The Rwandan defeat was crushing and demonstrated how much a European force outclassed the royal army. The one-sided nature of the clash was further emphasized by rumors and false tales which spread among the Rwandan population. For instance, one story claimed that Sandrart had not even risen from his chair during the battle and instead delegated his wife to stop the Rwandan attacks. Though such apocryphal tales were not rooted in reality, they further upplayed the magnitude of the royal army's defeat in the eyes of the people. When Prince Nshozamihigo returned to the court, he recommended that a diplomatic delegation be sent to the Shangi camp. Meanwhile, the Force Publique –alongside allied Congolese tribes– plundered the Cyangugu region after their victory.

== Aftermath ==
The battle was a political disaster for Mibambwe IV Rutarindwa. The previously high military reputation of the royal army was heavily damaged by the defeat. According to Des Forges, the Battle of Shangi signalled the "supremacy of European weapons over Rwandan ones and, by implication, European power over Rwandan power", easing the later German takeover. The loss of his important ally Bisangwa further weakened the political position of Mibambwe IV Rutarindwa. Furthermore, the defeat led to more widespread questions on Mibambwe IV Rutarindwa's leadership abilities. The Bega-led faction under Kanjogera exploited the situation, organizing the killings of several followers of the king, including Mugugu and Bisangwa's brother Sehene. In December 1896, the Bega under Kabare eventually launched the Rucunshu Coup, overthrowing Mibambwe IV Rutarindwa and driving him to suicide. In his place, Kanjogera's underage son Yuhi V Musinga was installed as a puppet ruler. Rwanda subsequently fell into a period of infighting and unrest.

News of the Battle of Shangi also reached the German military post at Lake Tanganyika to the south. The Belgian-Congolese incursion alarmed the local Schutztruppe officer Hans von Ramsay who considered Rwanda to be within German territory, and thus marched northward with a contingent of 120 armed carriers and 112 askari in January 1897. Reaching the Rwandan royal court in March 1897, Ramsay offered the monarchy aid against internal enemies as well as the Congo Free State, demanding a formal submission to Germany in exchange. Viewing this as a decent deal, Kanjogera's regime agreed, whereupon Ramsay gave a representative of Yuhi V Musinga a Schutzbrief –a diplomatic note of protection– as well as a German flag. This event is generally regarded as the start of the German colonial period in Rwanda. The court's gamble largely succeeded: Kanjogera's regime subsequently managed to cement its power through a series of purges as well as cooperation with the growing German colonial presence. A system of indirect rule was established, with the very limited German presence effectively controlling Rwanda through its still-autonomous monarchy. Furthermore, Rusagara concluded that the Battle of Shangi marked the start of the decline of the once-powerful Rwandan royal army, as it would subsequently wither and be gradually disempowered, replaced by the colonial troops of the new European overlords of Rwanda.

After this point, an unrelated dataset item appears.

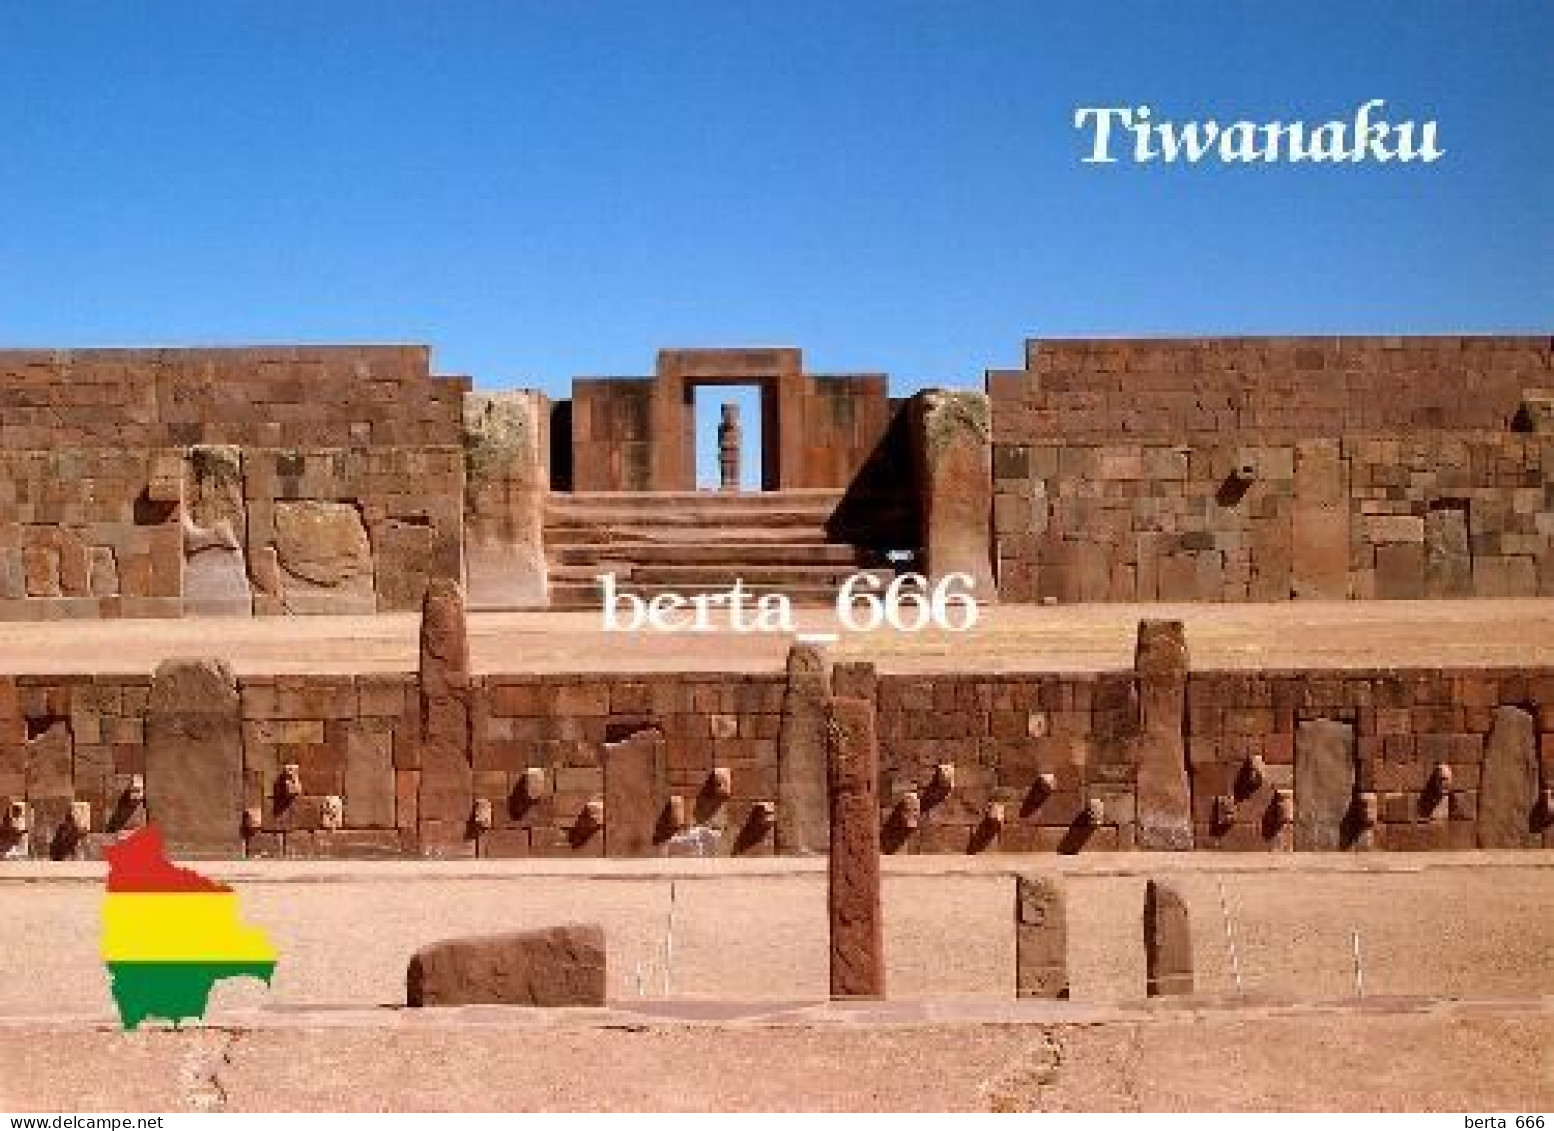 Bolivia Tiwanaku Archaeological Site UNESCO New Postcard - Bolivia

Meanwhile, a German officer informed Sandrart that his presence in Rwanda violated the terms of previous German-Belgian agreements. The development of internal problems in the Congo Basin ultimately forced the Congo Free State troops to peacefully abandon Shangi in late 1897, as an army of 5,000 Congolese rebels passed through the area, making the local military camps undefendable. The insurgents temporarily occupied the Shangi area before moving on. To secure the Rwandan border, the German Schutztruppe subsequently established its own military camp in the area. The Rwandan court attributed the retaking of Shangi to German influence, further cementing its alliance with the Germans. Disputes continued between Germany and the Congo Free State over the territory, but the "Shangi Problem" was eventually solved through further negotiations and the work of a border commission. Rwanda remained under German rule until World War I, when the region was conquered by Belgian Congo, the Congo Free State's successor polity. Constantin Sandrart's son, Georges Victor Sandrart, would eventually be appointed as Belgian representative or "Colonial Resident" of Rwanda.